By Bob Lancer
While one of the benefits of technology was supposed to have been more leisure time, it appears that we are spending more time struggling to make the money to take advantage of the latest breakthroughs in technology! Families may be busier than ever for more reasons than that. A contributor most certainly has to do with the fact that we cannot safely just let our kids go out to play on their own in many, many neighborhoods. They need to be in enclosed spaces with professional, licensed supervision. This requires packing and unpacking the car and being a family on the go more than ever.
When families become too busy, though, they run the risk of becoming quite dizzy. There are limits to how busy we can be and still function effectively in line with our true priorities. Too much busy-ness creates a sort of mental fog, resulting in hasty judgments based on superficial observation and poor reasoning. In other words, your family may be so busy that you as the parent are not clear about what your family is doing, why your family is doing it, and if it is worth the time, effort and strain of doing it.
We need to stop being busy long enough to recharge our vitality and our spirit, to relax enough to nurture our emotional balance. Being too much on the go promotes intolerance, impatience and thoughtless “knee-jerk” emotional reactions that drive us to hurt those we love. You need to ask yourself if getting one more thing done is worth another war in your household.
You either entrust your family’s well-being to your calm clarity or to blind chaos and confusion. To tell if you are too busy, look for the following 5 signs:
- Much expressions of irritation, annoyance, impatience, discouragement, overwhelm or fatigue
- Exhibitions of much harsh, sharply critical, cutting speech
- Relationship breakdowns within the family
- Emotional meltdowns by one or more family members
- Physical injuries and costly mistakes due to rushing
If you see any of this going on, stop trying so hard to control your children, your mate, or your life. Instead, let go. Instead of pushing yourself or anyone else to get to the next thing, give yourself some quiet time to consider what needs not doing. Take some quality time with your family – time when you are doing very little but enjoying and appreciating the blessing of just having one another in your lives.

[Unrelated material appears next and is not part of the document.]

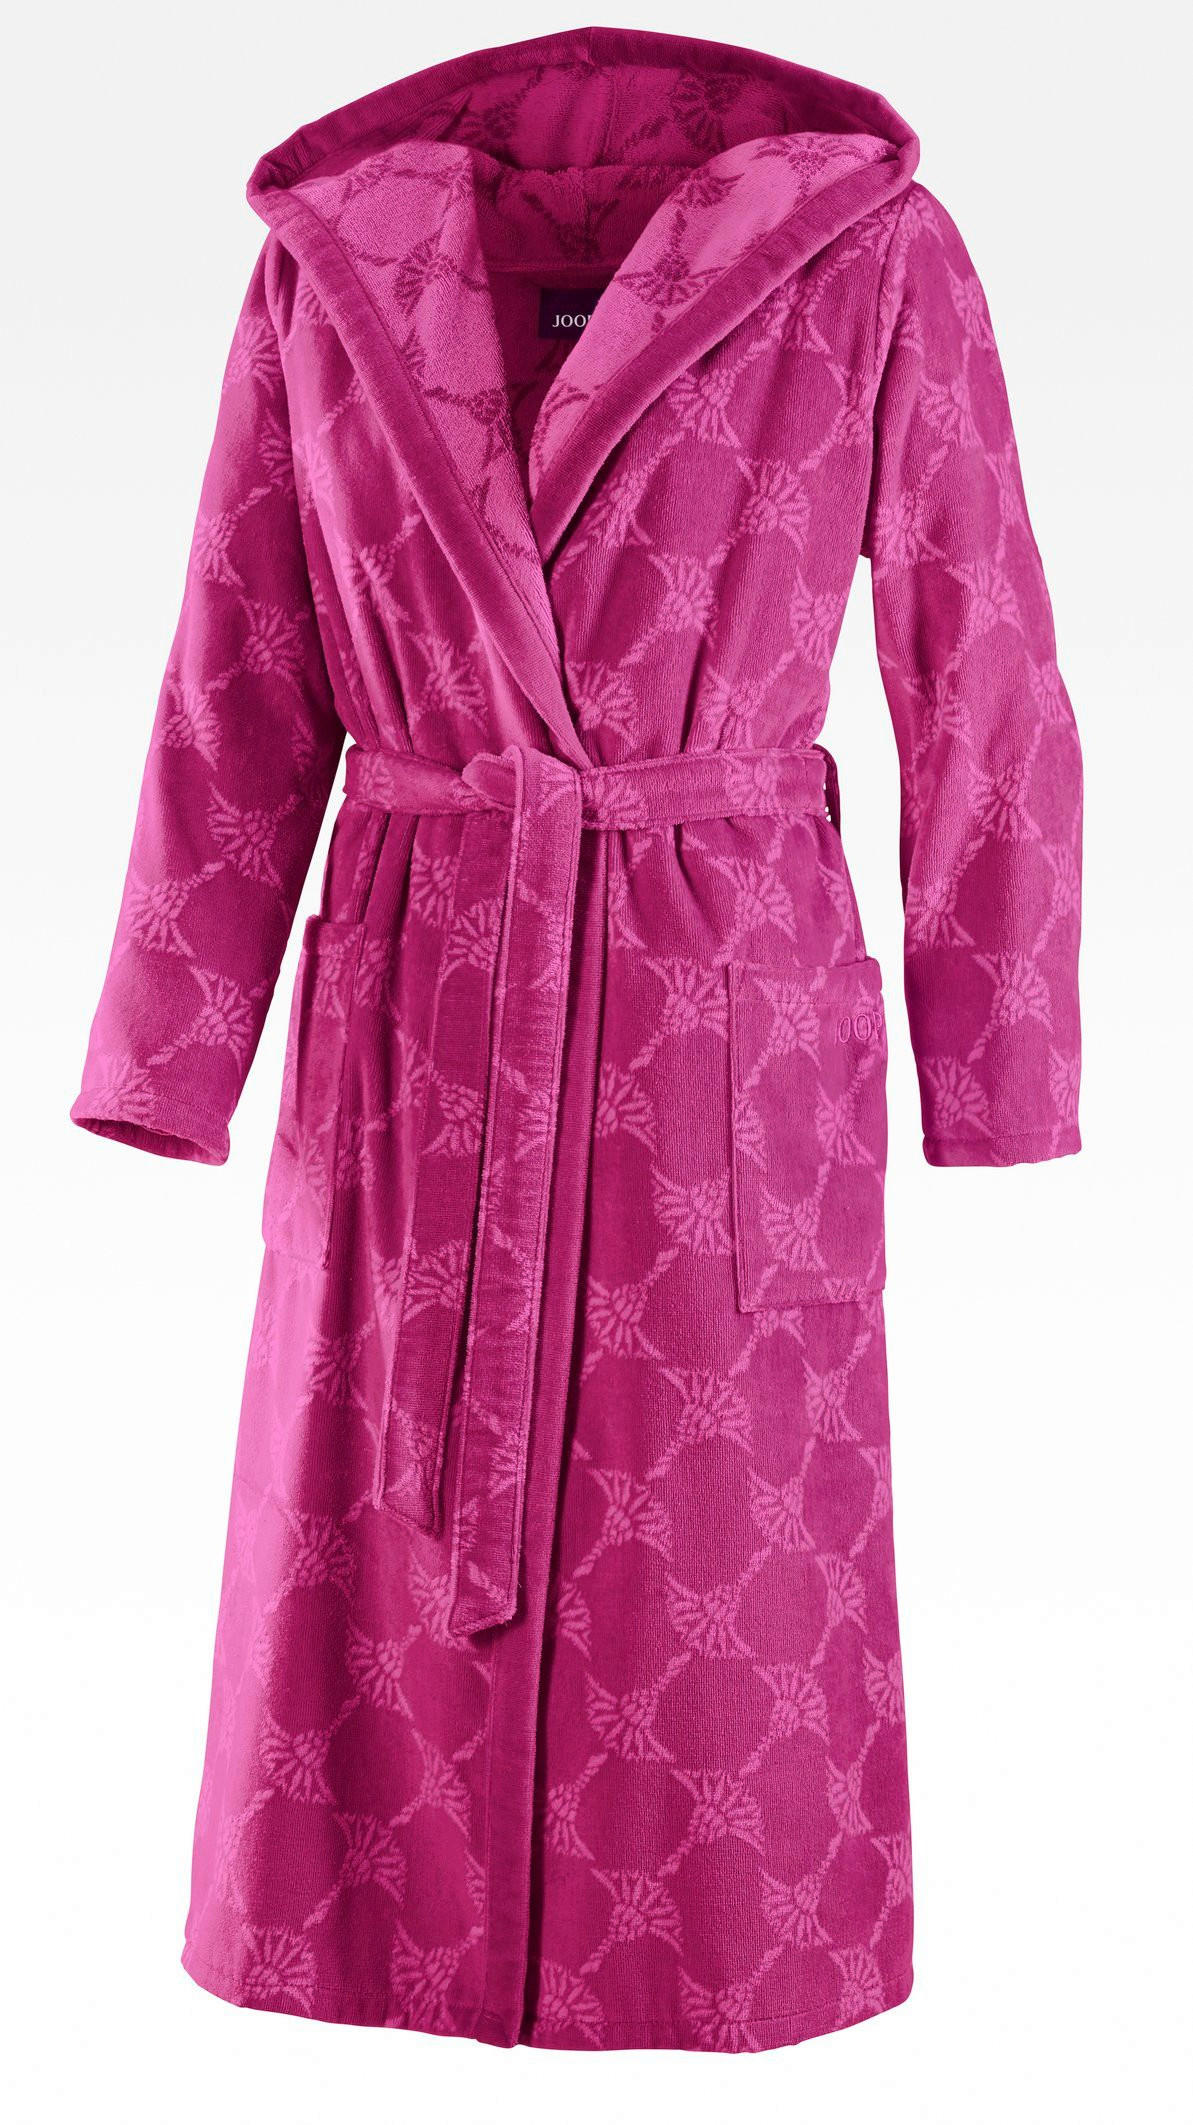 BADEMANTEL  - Pink, Basics, Textil (32/34null) - Joop!
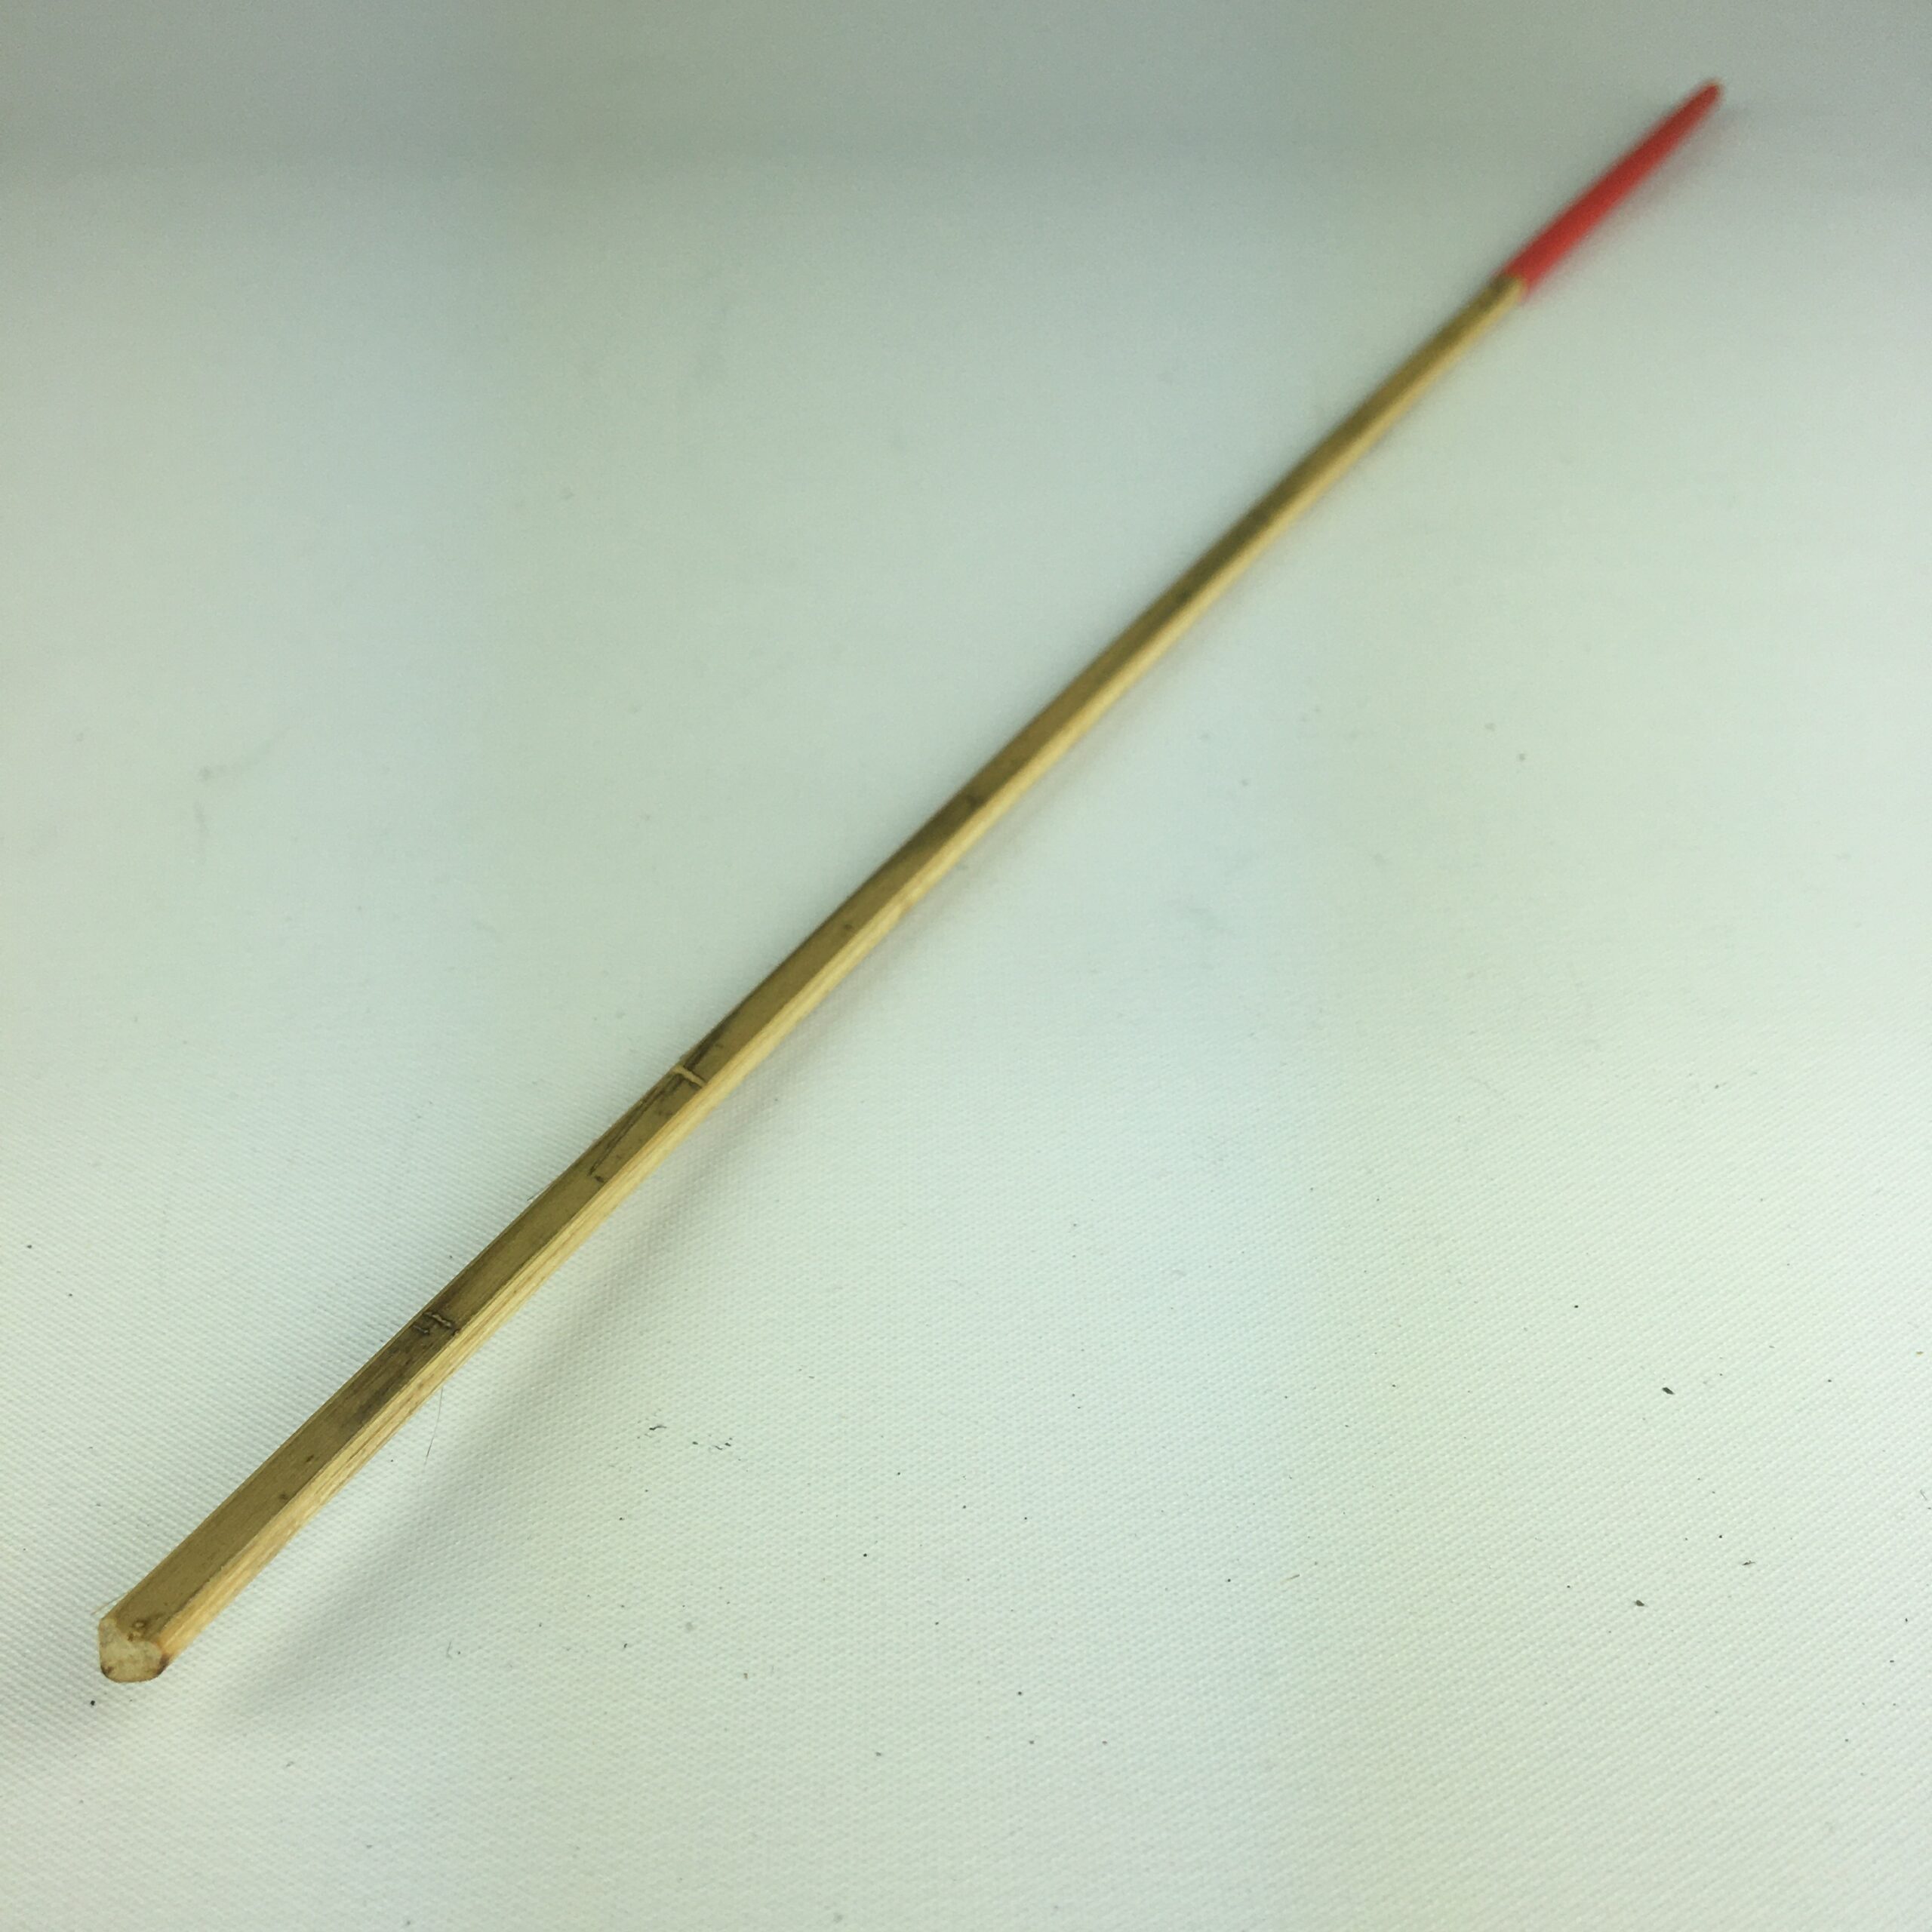 Gope bamboo bacalhau stick for zabumba

Reducing the amount of busy-ness in your family to just the right amount requires that you stop to take time to consider exactly what you are doing and what the costs and benefits of each activity really amount to. This will give you the perspective you need to make healthy and practical changes in line with your true priorities. For instance, you just might find that getting your son to T-ball, which he really does not like anyway, is placing so much of strain on you both that you are not getting along and his asthma and your migraines are returning.
When you begin to work on getting control of your degree of busy-ness, you may very likely confront your addiction to staying too busy as a means of escaping rather than facing your problems. At that point, be honest with yourself. Self-honesty is the first step out of destructive addiction.